Uma forte necessidade de reconhecimento familiar

Apesar das dificuldades enfrentadas pelos jovens adultos, estes ainda aspiram ao reconhecimento da sua família. Tendo em conta a precaridade da sua situação profissional, seria compreensível que pedissem educadamente ao seu tio Daniel que não comentasse sobre o seu emprego.

No entanto, 45% dos inquiridos pela ELVTR revelaram considerar mudar de emprego devido à opinião dos seus familiares. De facto, 22% afirmaram estar dispostos a abrir mão do seu trabalho ideal para assumir uma posição mais aprovada pela sua família.

Os tempos e as tradições podem evoluir, mas a necessidade de aprovação familiar parece permanecer imutável. Os jovens adultos, apesar de um individualismo frequentemente proclamado, continuam a desejar que a sua família valide as suas escolhas de vida.

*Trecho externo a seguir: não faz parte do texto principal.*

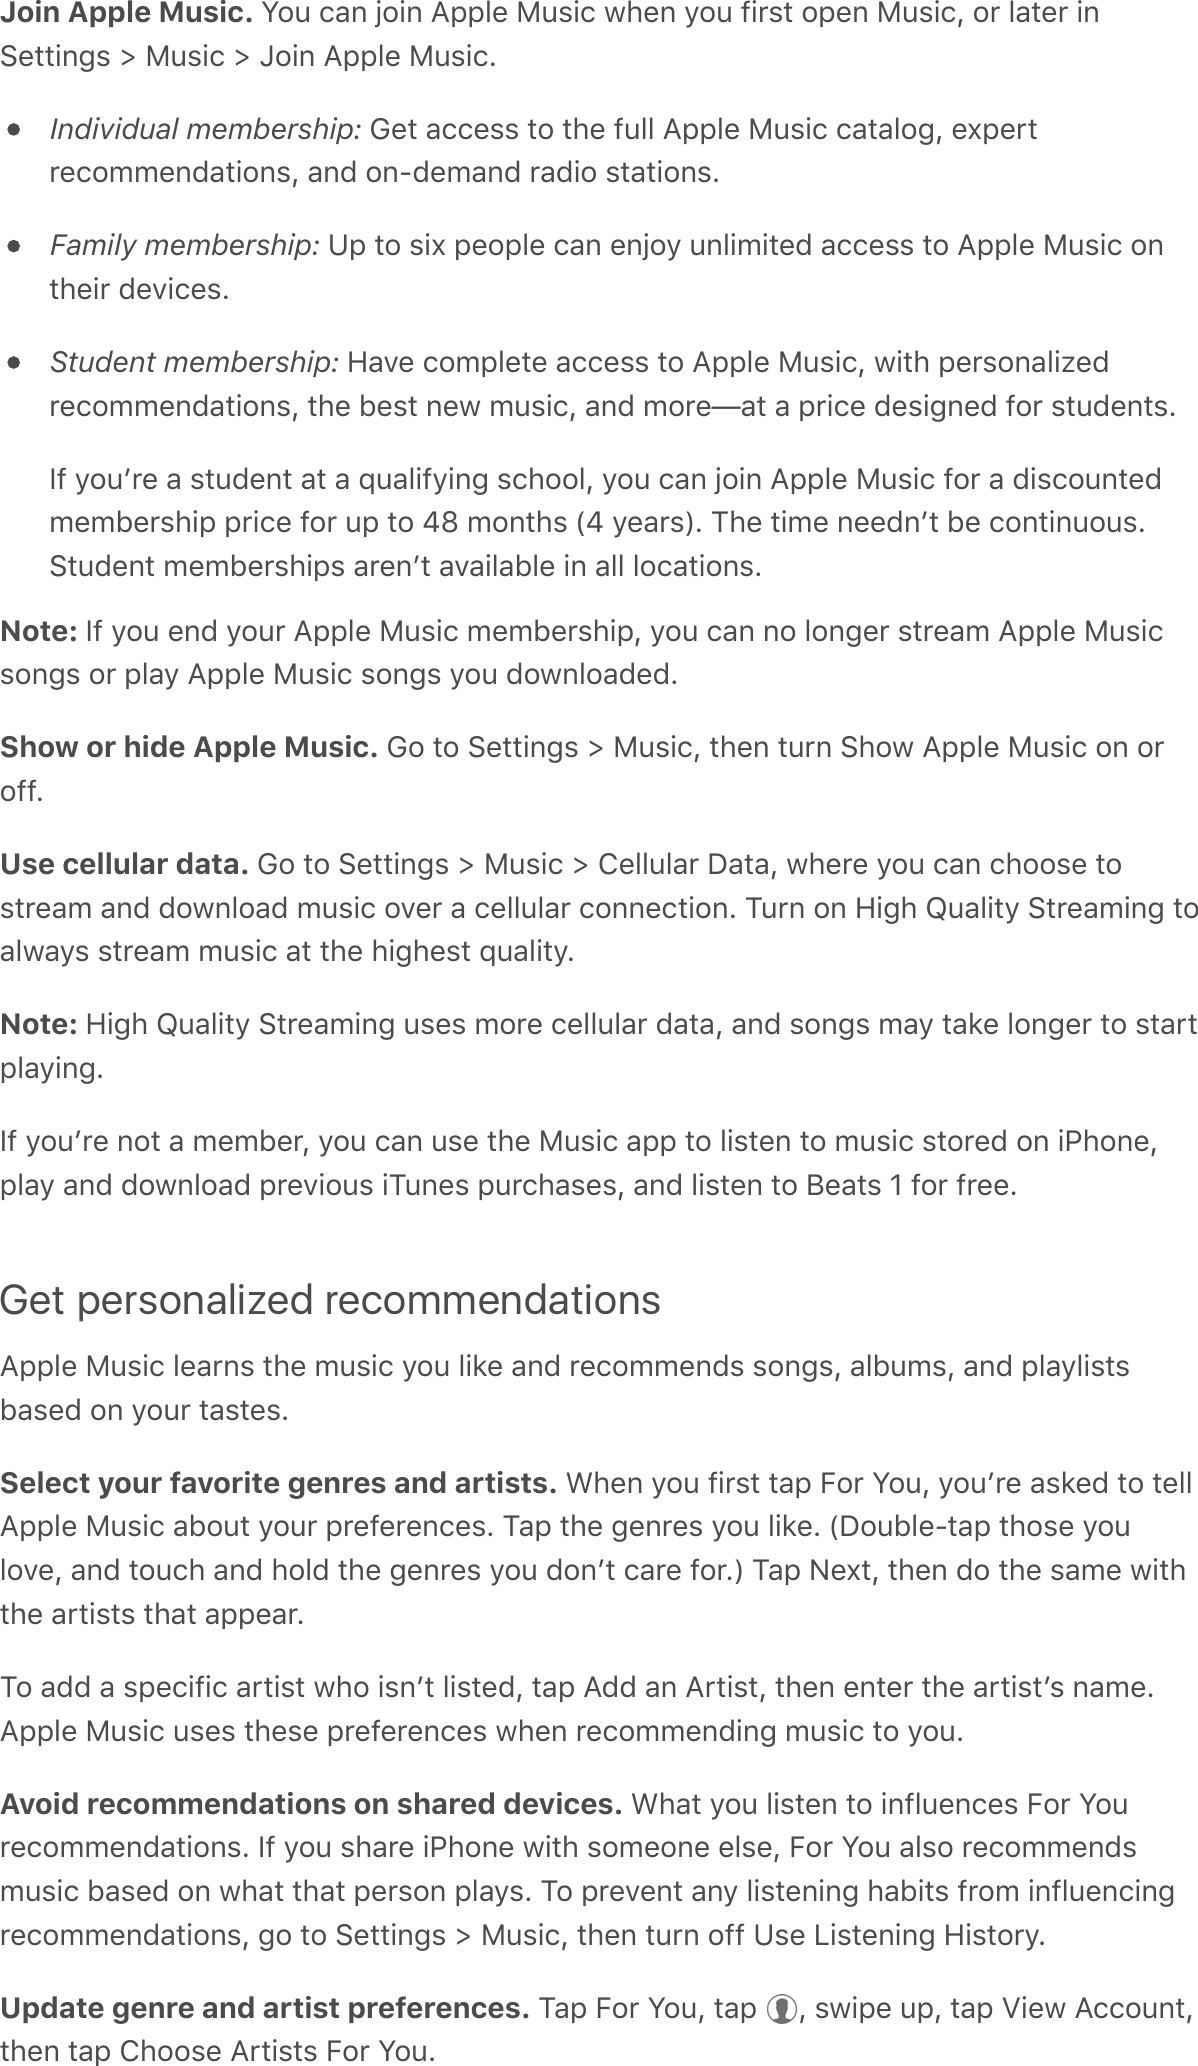 Join Apple Music. S$6&apos;/-%&apos;_$!%&apos;B;;.&amp;&apos;H6,!/&apos;3#&amp;%&apos;&gt;$6&apos;7!0,*&apos;$;&amp;%&apos;H6,!/Q&apos;$0&apos;.-*&amp;0&apos;!%:&amp;**!%4,&apos;e&apos;H6,!/&apos;e&apos;a$!%&apos;B;;.&amp;&apos;H6,!/GIndividual membership: M&amp;*&apos;-//&amp;,,&apos;*$&apos;*#&amp;&apos;76..&apos;B;;.&amp;&apos;H6,!/&apos;/-*-.$4Q&apos;&amp;^;&amp;0*0&amp;/$99&amp;%C-*!$%,Q&apos;-%C&apos;$%8C&amp;9-%C&apos;0-C!$&apos;,*-*!$%,GFamily membership: 1;&apos;*$&apos;,!^&apos;;&amp;$;.&amp;&apos;/-%&apos;&amp;%_$&gt;&apos;6%.!9!*&amp;C&apos;-//&amp;,,&apos;*$&apos;B;;.&amp;&apos;H6,!/&apos;$%*#&amp;!0&apos;C&amp;A!/&amp;,GStudent membership: `-A&amp;&apos;/$9;.&amp;*&amp;&apos;-//&amp;,,&apos;*$&apos;B;;.&amp;&apos;H6,!/Q&apos;3!*#&apos;;&amp;0,$%-.!@&amp;C0&amp;/$99&amp;%C-*!$%,Q&apos;*#&amp;&apos;F&amp;,*&apos;%&amp;3&apos;96,!/Q&apos;-%C&apos;9$0&amp;g-*&apos;-&apos;;0!/&amp;&apos;C&amp;,!4%&amp;C&apos;7$0&apos;,*6C&amp;%*,G)7&apos;&gt;$6+0&amp;&apos;-&apos;,*6C&amp;%*&apos;-*&apos;-&apos;d6-.!7&gt;!%4&apos;,/#$$.Q&apos;&gt;$6&apos;/-%&apos;_$!%&apos;B;;.&amp;&apos;H6,!/&apos;7$0&apos;-&apos;C!,/$6%*&amp;C9&amp;9F&amp;0,#!;&apos;;0!/&amp;&apos;7$0&apos;6;&apos;*$&apos;lU&apos;9$%*#,&apos;\l&apos;&gt;&amp;-0,]G&apos;?#&amp;&apos;*!9&amp;&apos;%&amp;&amp;C%+*&apos;F&amp;&apos;/$%*!%6$6,G:*6C&amp;%*&apos;9&amp;9F&amp;0,#!;,&apos;-0&amp;%+*&apos;-A-!.-F.&amp;&apos;!%&apos;-..&apos;.$/-*!$%,GNote: )7&apos;&gt;$6&apos;&amp;%C&apos;&gt;$60&apos;B;;.&amp;&apos;H6,!/&apos;9&amp;9F&amp;0,#!;Q&apos;&gt;$6&apos;/-%&apos;%$&apos;.$%4&amp;0&apos;,*0&amp;-9&apos;B;;.&amp;&apos;H6,!/,$%4,&apos;$0&apos;;.-&gt;&apos;B;;.&amp;&apos;H6,!/&apos;,$%4,&apos;&gt;$6&apos;C$3%.$-C&amp;CGShow or hide Apple Music. M$&apos;*$&apos;:&amp;**!%4,&apos;e&apos;H6,!/Q&apos;*#&amp;%&apos;*60%&apos;:#$3&apos;B;;.&amp;&apos;H6,!/&apos;$%&apos;$0$77GUse cellular data. M$&apos;*$&apos;:&amp;**!%4,&apos;e&apos;H6,!/&apos;e&apos;T&amp;..6.-0&apos;&lt;-*-Q&apos;3#&amp;0&amp;&apos;&gt;$6&apos;/-%&apos;/#$$,&amp;&apos;*$,*0&amp;-9&apos;-%C&apos;C$3%.$-C&apos;96,!/&apos;$A&amp;0&apos;-&apos;/&amp;..6.-0&apos;/$%%&amp;/*!$%G&apos;?60%&apos;$%&apos;`!4#&apos;K6-.!*&gt;&apos;:*0&amp;-9!%4&apos;*$-.3-&gt;,&apos;,*0&amp;-9&apos;96,!/&apos;-*&apos;*#&amp;&apos;#!4#&amp;,*&apos;d6-.!*&gt;GNote: `!4#&apos;K6-.!*&gt;&apos;:*0&amp;-9!%4&apos;6,&amp;,&apos;9$0&amp;&apos;/&amp;..6.-0&apos;C-*-Q&apos;-%C&apos;,$%4,&apos;9-&gt;&apos;*-2&amp;&apos;.$%4&amp;0&apos;*$&apos;,*-0*;.-&gt;!%4G)7&apos;&gt;$6+0&amp;&apos;%$*&apos;-&apos;9&amp;9F&amp;0Q&apos;&gt;$6&apos;/-%&apos;6,&amp;&apos;*#&amp;&apos;H6,!/&apos;-;;&apos;*$&apos;.!,*&amp;%&apos;*$&apos;96,!/&apos;,*$0&amp;C&apos;$%&apos;!&quot;#$%&amp;Q;.-&gt;&apos;-%C&apos;C$3%.$-C&apos;;0&amp;A!$6,&apos;!?6%&amp;,&apos;;60/#-,&amp;,Q&apos;-%C&apos;.!,*&amp;%&apos;*$&apos;P&amp;-*,&apos;O&apos;7$0&apos;70&amp;&amp;GGet personalized recommendationsB;;.&amp;&apos;H6,!/&apos;.&amp;-0%,&apos;*#&amp;&apos;96,!/&apos;&gt;$6&apos;.!2&amp;&apos;-%C&apos;0&amp;/$99&amp;%C,&apos;,$%4,Q&apos;-.F69,Q&apos;-%C&apos;;.-&gt;.!,*,F-,&amp;C&apos;$%&apos;&gt;$60&apos;*-,*&amp;,GSelect your favorite genres and artists. L#&amp;%&apos;&gt;$6&apos;7!0,*&apos;*-;&apos;5$0&apos;S$6Q&apos;&gt;$6+0&amp;&apos;-,2&amp;C&apos;*$&apos;*&amp;..B;;.&amp;&apos;H6,!/&apos;-F$6*&apos;&gt;$60&apos;;0&amp;7&amp;0&amp;%/&amp;,G&apos;?-;&apos;*#&amp;&apos;4&amp;%0&amp;,&apos;&gt;$6&apos;.!2&amp;G&apos;\&lt;$6F.&amp;8*-;&apos;*#$,&amp;&apos;&gt;$6.$A&amp;Q&apos;-%C&apos;*$6/#&apos;-%C&apos;#$.C&apos;*#&amp;&apos;4&amp;%0&amp;,&apos;&gt;$6&apos;C$%+*&apos;/-0&amp;&apos;7$0G]&apos;?-;&apos;E&amp;^*Q&apos;*#&amp;%&apos;C$&apos;*#&amp;&apos;,-9&amp;&apos;3!*#*#&amp;&apos;-0*!,*,&apos;*#-*&apos;-;;&amp;-0G?$&apos;-CC&apos;-&apos;,;&amp;/!7!/&apos;-0*!,*&apos;3#$&apos;!,%+*&apos;.!,*&amp;CQ&apos;*-;&apos;BCC&apos;-%&apos;B0*!,*Q&apos;*#&amp;%&apos;&amp;%*&amp;0&apos;*#&amp;&apos;-0*!,*+,&apos;%-9&amp;GB;;.&amp;&apos;H6,!/&apos;6,&amp;,&apos;*#&amp;,&amp;&apos;;0&amp;7&amp;0&amp;%/&amp;,&apos;3#&amp;%&apos;0&amp;/$99&amp;%C!%4&apos;96,!/&apos;*$&apos;&gt;$6GAvoid recommendations on shared devices. L#-*&apos;&gt;$6&apos;.!,*&amp;%&apos;*$&apos;!%7.6&amp;%/&amp;,&apos;5$0&apos;S$60&amp;/$99&amp;%C-*!$%,G&apos;)7&apos;&gt;$6&apos;,#-0&amp;&apos;!&quot;#$%&amp;&apos;3!*#&apos;,$9&amp;$%&amp;&apos;&amp;.,&amp;Q&apos;5$0&apos;S$6&apos;-.,$&apos;0&amp;/$99&amp;%C,96,!/&apos;F-,&amp;C&apos;$%&apos;3#-*&apos;*#-*&apos;;&amp;0,$%&apos;;.-&gt;,G&apos;?$&apos;;0&amp;A&amp;%*&apos;-%&gt;&apos;.!,*&amp;%!%4&apos;#-F!*,&apos;70$9&apos;!%7.6&amp;%/!%40&amp;/$99&amp;%C-*!$%,Q&apos;4$&apos;*$&apos;:&amp;**!%4,&apos;e&apos;H6,!/Q&apos;*#&amp;%&apos;*60%&apos;$77&apos;1,&amp;&apos;D!,*&amp;%!%4&apos;`!,*$0&gt;GUpdate genre and artist preferences. ?-;&apos;5$0&apos;S$6Q&apos;*-;&apos; Q&apos;,3!;&amp;&apos;6;Q&apos;*-;&apos;Z!&amp;3&apos;B//$6%*Q*#&amp;%&apos;*-;&apos;T#$$,&amp;&apos;B0*!,*,&apos;5$0&apos;S$6G

Pequenas adaptações à verdade à aproximação do Natal

À medida que as perspectivas profissionais se revelam um tanto sombrias, muitos parecem embelezar a realidade da sua situação profissional ou pessoal para serem melhor aceites pelos seus próximos. Com a aproximação do Natal, terão de enfrentar essas pequenas mentiras pessoalmente.

O que os jovens adultos devem lembrar é que quem formula tais perguntas o faz com boas intenções. Em vez de evitar o tema, pode ser preferível mostrar-se aberto e honesto. Quem sabe, poderão, assim, receber bons conselhos em troca.